Седой сделал шаг вперед, вталкивая Ольгу Николаевну в квартиру. За ним в прихожую ввалилась вся команда.
- Это произвол! - Виски Ольги Николаевны сдавили невидимые тиски, сделалось душно. - Я - сотрудник Министерства внутренних дел Российской Федерации. Вы не представляете, что я с вами сделаю!

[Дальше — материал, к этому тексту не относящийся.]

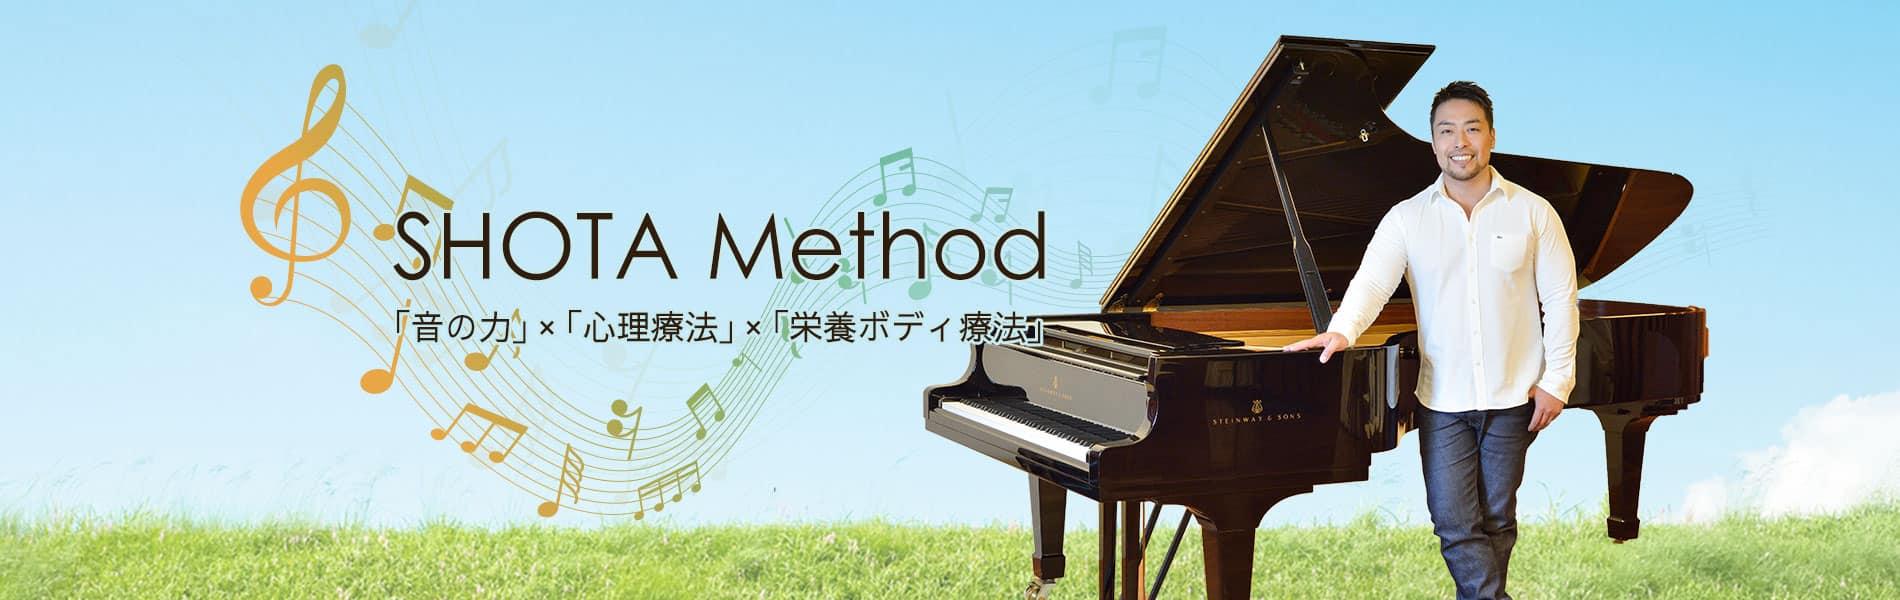 橋本翔太 心理 音楽 栄養 ヒーリング ピアノ サプリメント
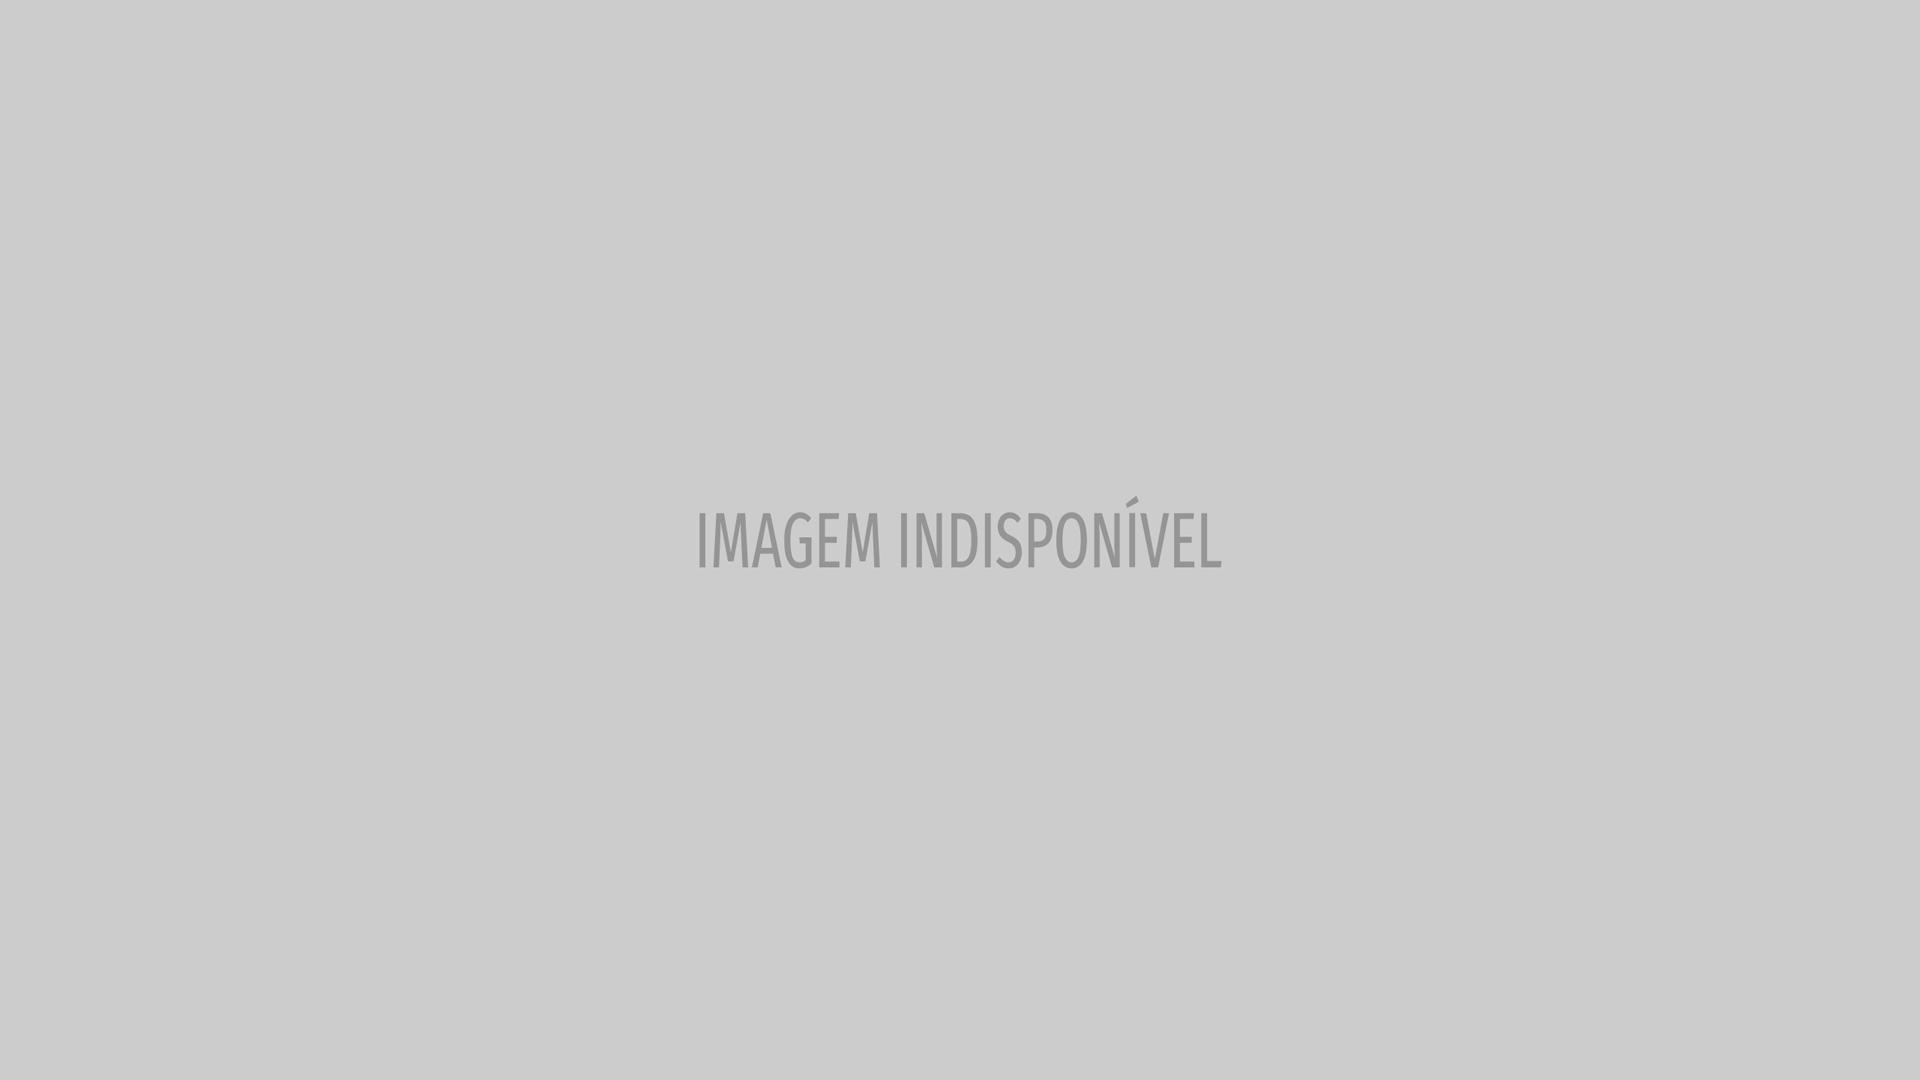 Hóspedes de hotel fazem queixas de filhos de Britney Spears

- Ничего не сделаешь, - возразил ей седой, и Ольга Николаевна, не сдержав себя, закатила ему за эти слова оплеуху.
- Вот сука! - изумленно произнес седой и автоматически, будто дело имел с мужчиной, а не с женщиной, не раздумывая ни мгновения, отвесил ответную затрещину.
Ольга Николаевна резко отпрянула, не удержалась на ногах и спиной повалилась на пол. Больно приложилась затылком о паркет. Дернулась, чуть приподнялась и снова повалилась на пол.
- Не издевайтесь над женщиной, - тихо, сквозь зубы потребовала Настя и шагнула к Ольге Николаевне. Говорила Настя едва слышно, но её все услышали.
Она протянула руку назад, к Леонтию, Леонтий понял: поспешно откинул полу теплого ватного пальто, протянул ей помповую двустволку.
Настя решительно передернула магазин, приставила ствол к голове Ольги Николаевны и в ту же секунду нажала на спусковой крючок.
Звук выстрела в огромной квартире Кличевских должен был бы усилиться, стать гулким, объемным, словно взрыв гранаты, но он неожиданно угас в пространстве, в охлесте дыма, сыпанувшего в разные стороны от мгновенно окрасившейся кровью головы Ольги Николаевны, - вместо тяжелого лавинного грома прозвучал сухой задавленный хлопок, словно Настя выстрелила из игрушечного пистолета.